What. Was. I. Thinking. This is hard. Because the truth is, my house is not spotless, I'm not Mary Poppins. My kids aren't perfect and I don't want them to be. They are screamin, fightin, toy throwin, no pickin up their trash kids. They are getting on my nerves haha! AND I miss my job! Some one tell me I'm not alone.
I knew this whole adventure would be more than I could even imagine. I have loved every blessed second, even when I was dealing with meltdowns, arguing, crying, and the endless mess that comes with kids who know how to be kids. I started this blog with the thought that I would document everything.
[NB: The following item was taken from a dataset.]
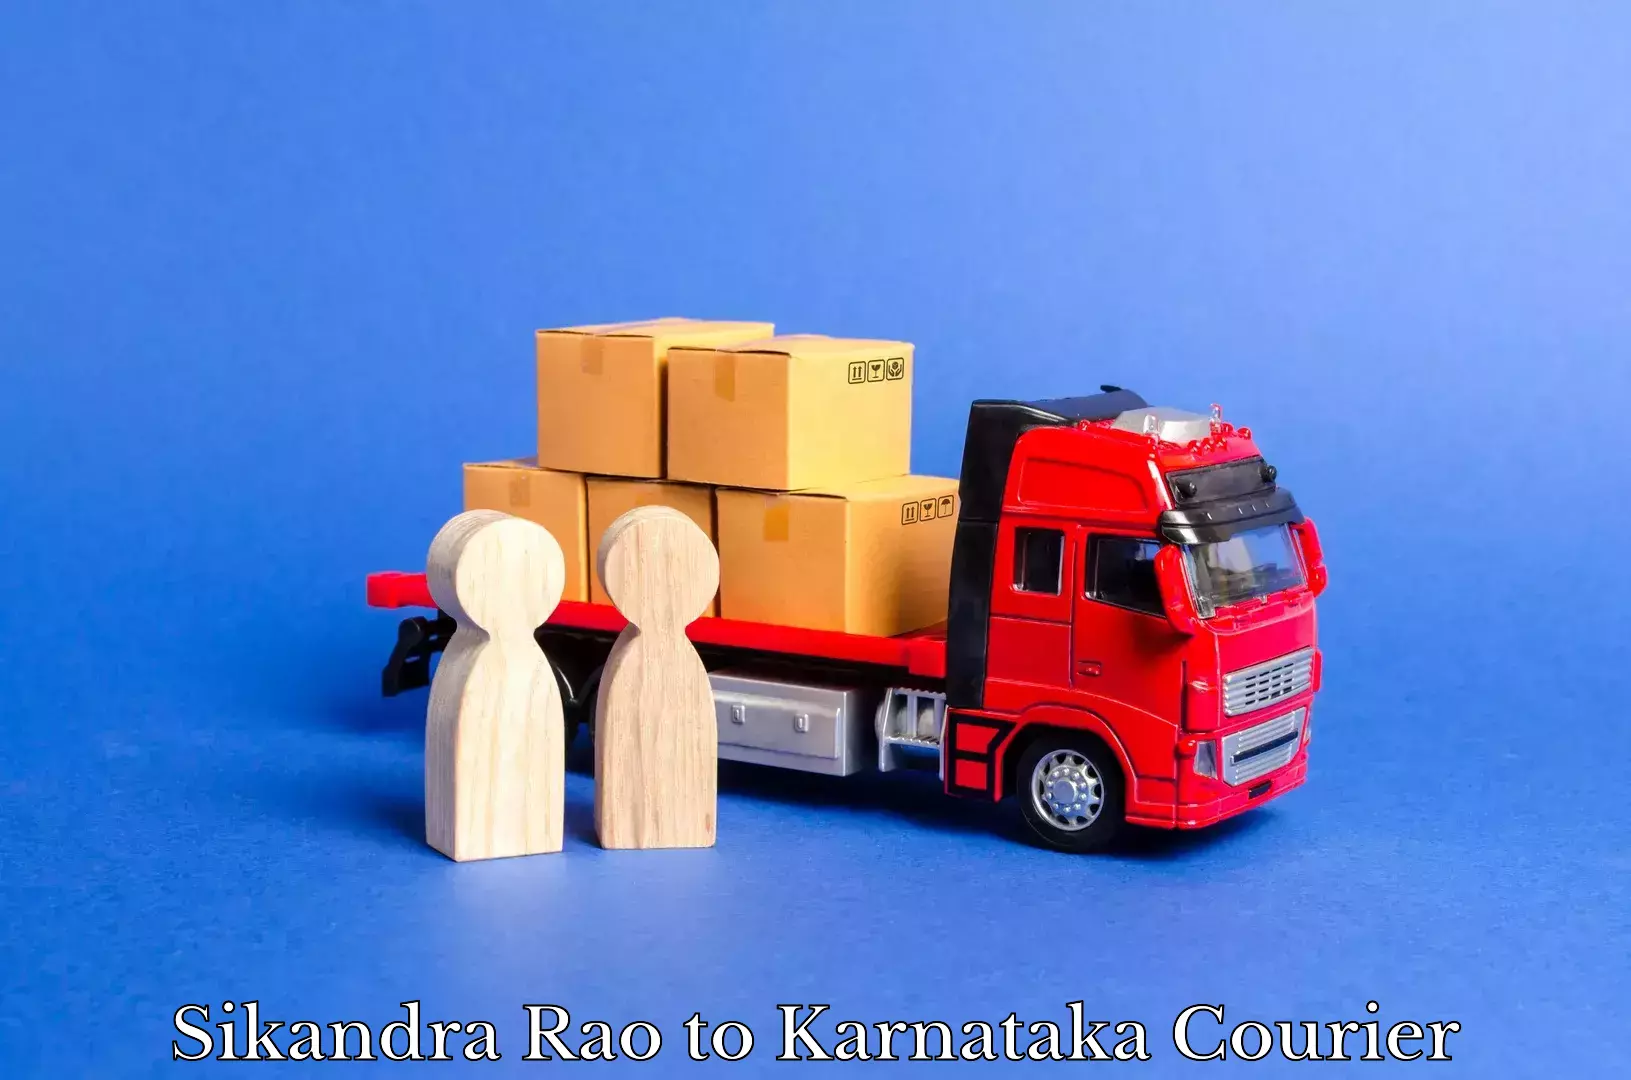 High-speed delivery Sikandra Rao to Karnataka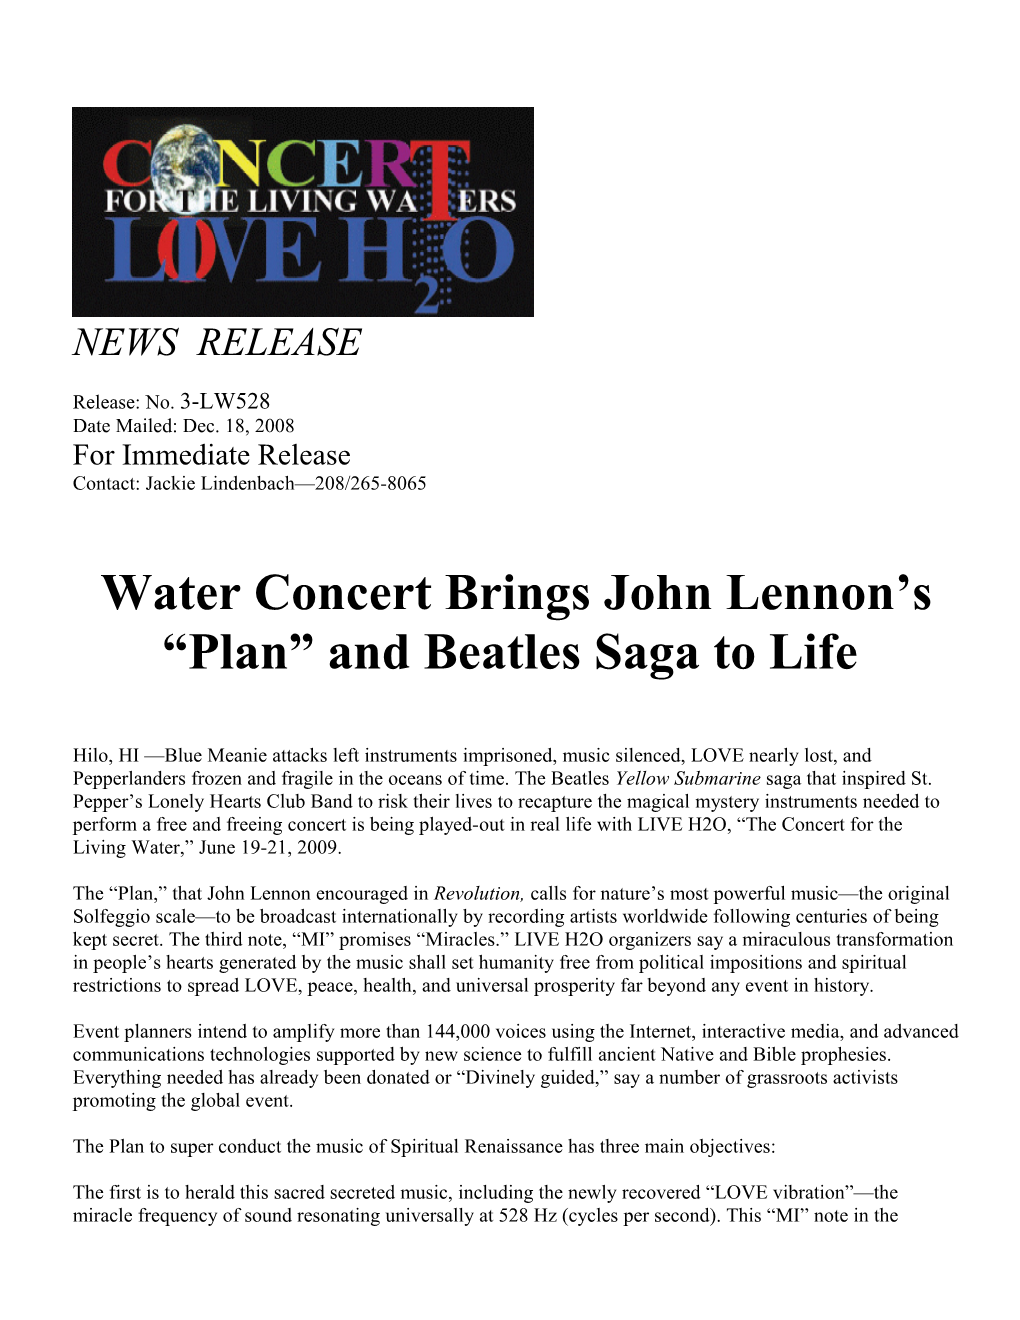 Water Concert Brings John Lennon S Plan and Beatles Saga to Life

Not just the happy sunshine and roses posts but an honest look at what this new adventure really is. I almost didn't even write this post. You see, no one wants the world at large to know that this isn't easy and we're not perfect. We want to show up in public never having a day with well dressed (or at least clean) and well mannered kids. We want to look like we have it together. Because if "they" really knew...shew...no one would like me...much less love me. So I decided, in all my 32 fantastic years of wisdom, to be transparent...lay it all out there. Give some one the courage to do what God is calling them to despite their fears or worries. Tonight was a gut check. It is hard to admit my sweet little angel babies are holy terrors. It's hard to admit that while I want this life still, that today working doesn't seem so bad.
I am unfailingly grateful that I serve a God who knows my moods. That I have a Father who sees MY unholy tantrums and behavior and loves me just as I am. That I have one safe place to turn and cry out to, one mighty God who created me for this purpose that he has set before me. That humbling feeling that even after today when they've made me insane that God has entrusted the lives of the two precious babies asleep in their beds to me...with all my short comings and imperfections. Wow...Jesus, help me with my perspective. Create in me a clean heart with pure motives. As I practice patience with my children, remind me of your patience with me. Help me take one step at a time in your direction, guide me as their mother on your path. Help me love them better...help me love them like you do.